As you can see from the chart above, we are pretty darn happy this month. The portfolio exploded to an all-time high, led by some of our highest conviction picks like Square, Spotify, and Match Group. 18 months is not an exceptionally long time period (a decade is probably the minimum amount of time to be judged as a PM), but it is all we have to show so far.
Since HC matches our personal portfolios closely (which you can see here and here), understand that while this is a “paper account,” we still have some skin in the game. We also have to wait until at least August to send another one of these updates (more on that in another post), so we are being fairly cautious heading into the summer.
If you’ve read our previous updates (and if you have not, I’d recommend checking them out here) you know that beating the market for 18 months is not our goal. Our goal for HC is to show that spending 1-2 hours with one “trading” day a month can outperform heavily managed funds.

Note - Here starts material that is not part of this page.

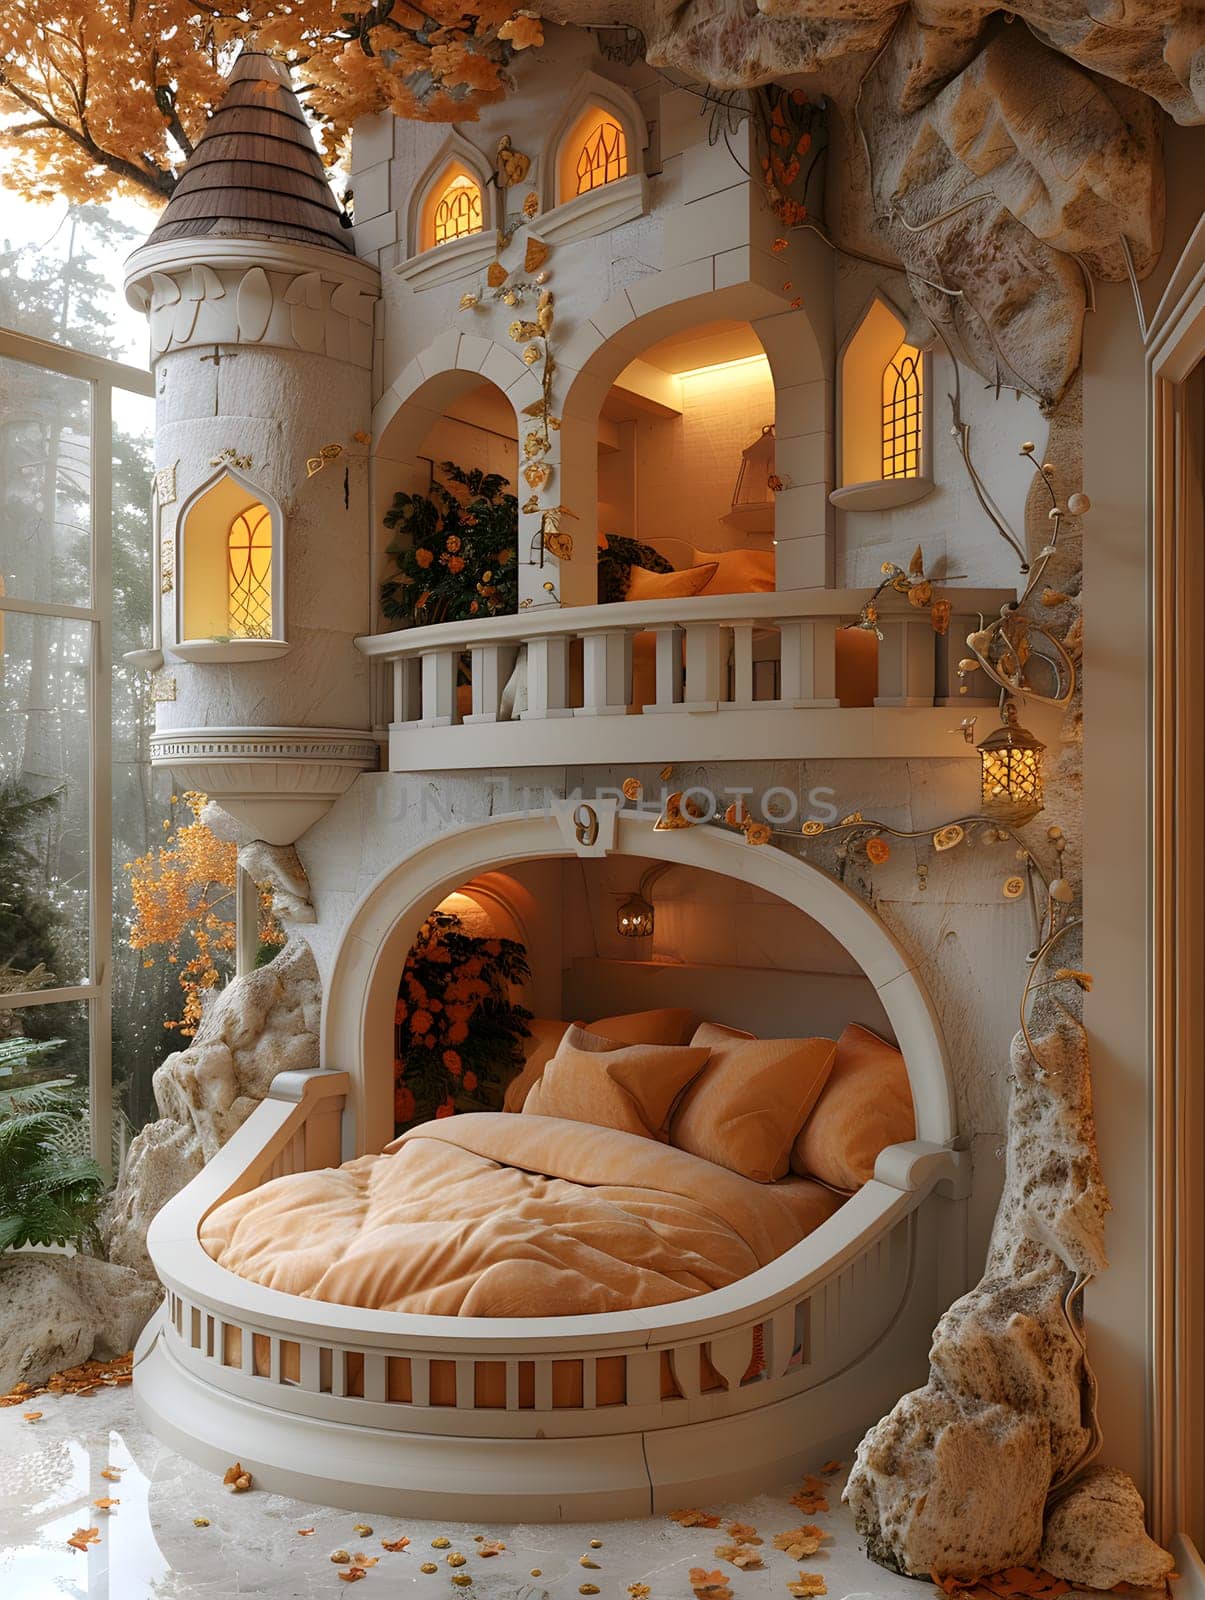 Interior design with a castlethemed bed, adorned with Byzantine architecture. The room features plants, art, and fixtures for added comfort and aesthetics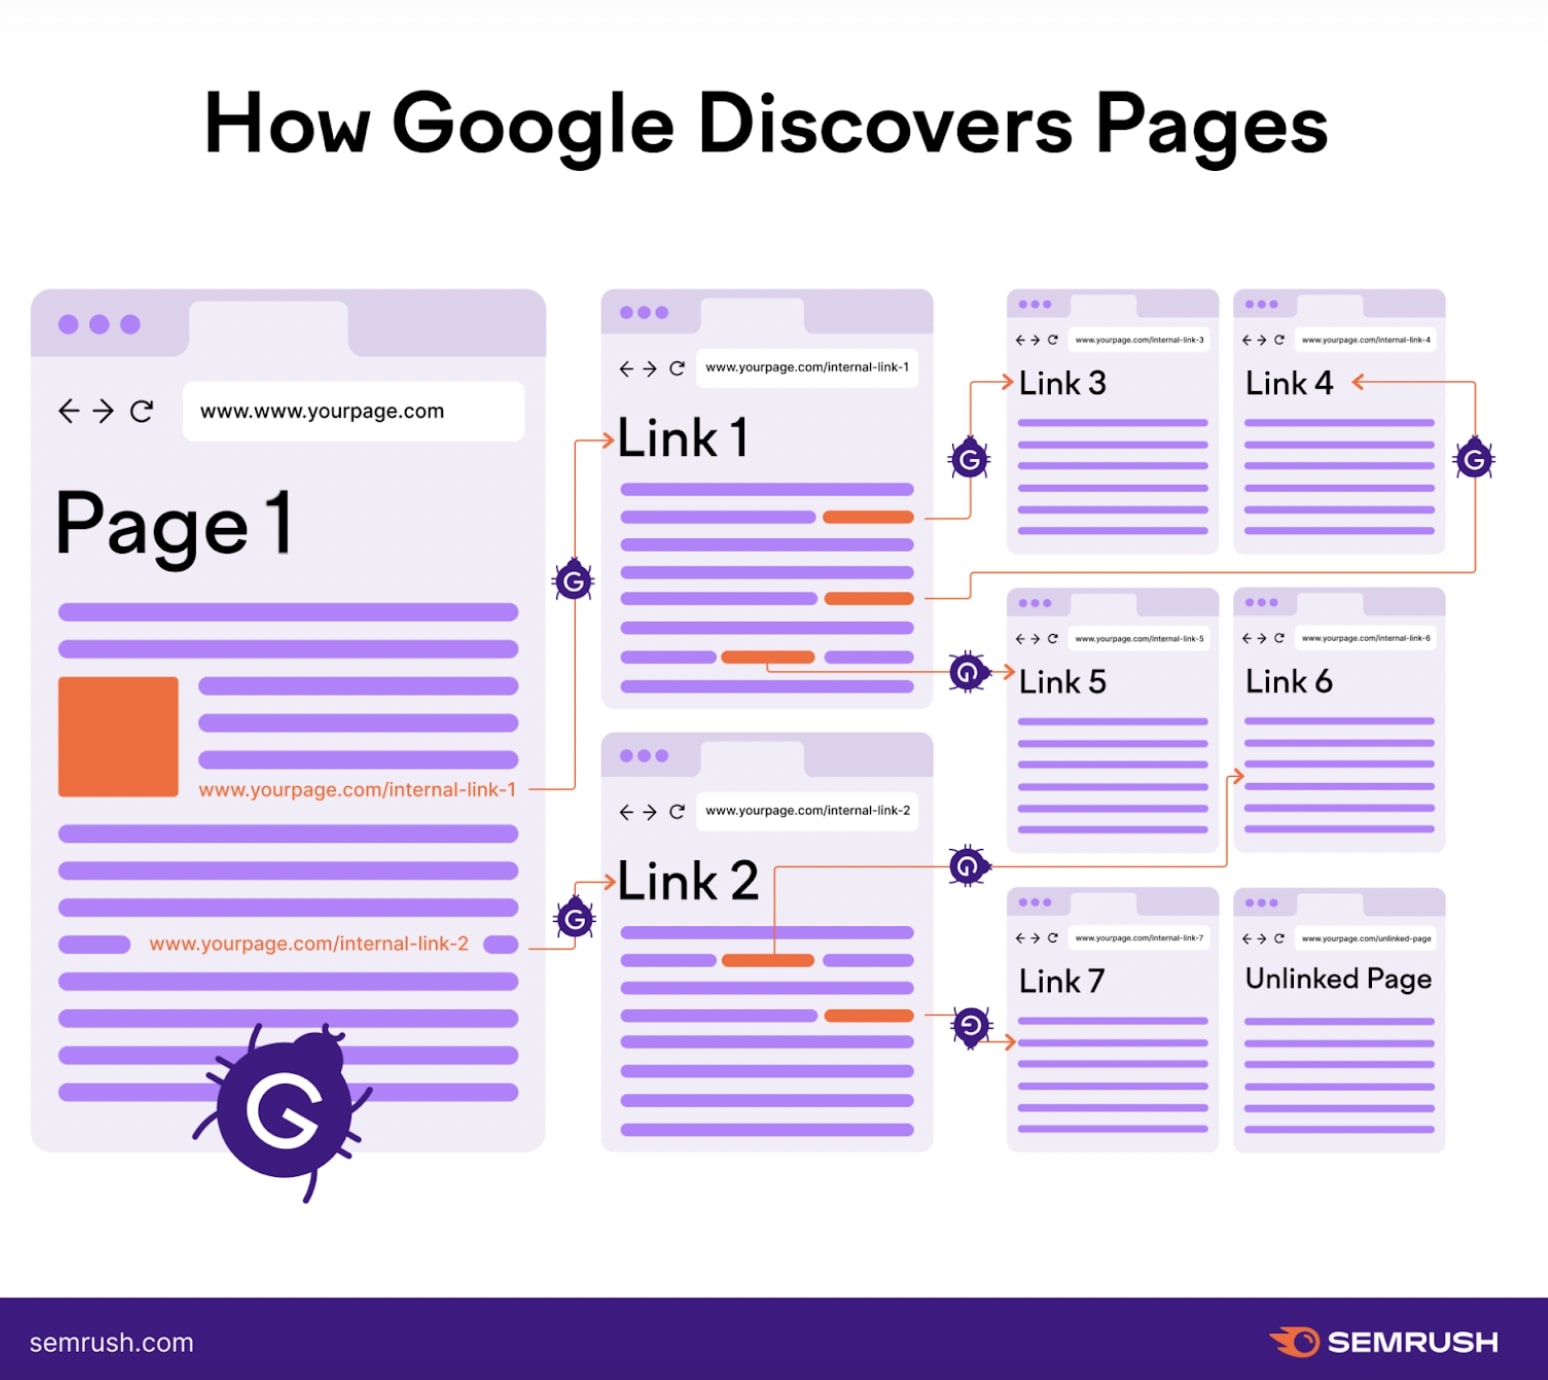 How Google discovers pages

Here are the rules we have set to try and mimic a real portfolio as closely as possible:
We can only change our asset allocation on the 20th (or around then) of each month. All other days are off-limits, meaning we can only add or subtract from our allocation once a month. (We’re not the day trading type anyways, so this should not affect our investing philosophy).
No derivative securities (options or futures).
We are not reinvesting dividends, for calculation purposes. Although we highly recommend that you do so in a real scenario.
We cannot incorporate any commission fees so we will act like we are investing through Robinhood
We are competing against the S&P 500 so the benchmark for the portfolio will be how much it has beat or lagged the market since its inception.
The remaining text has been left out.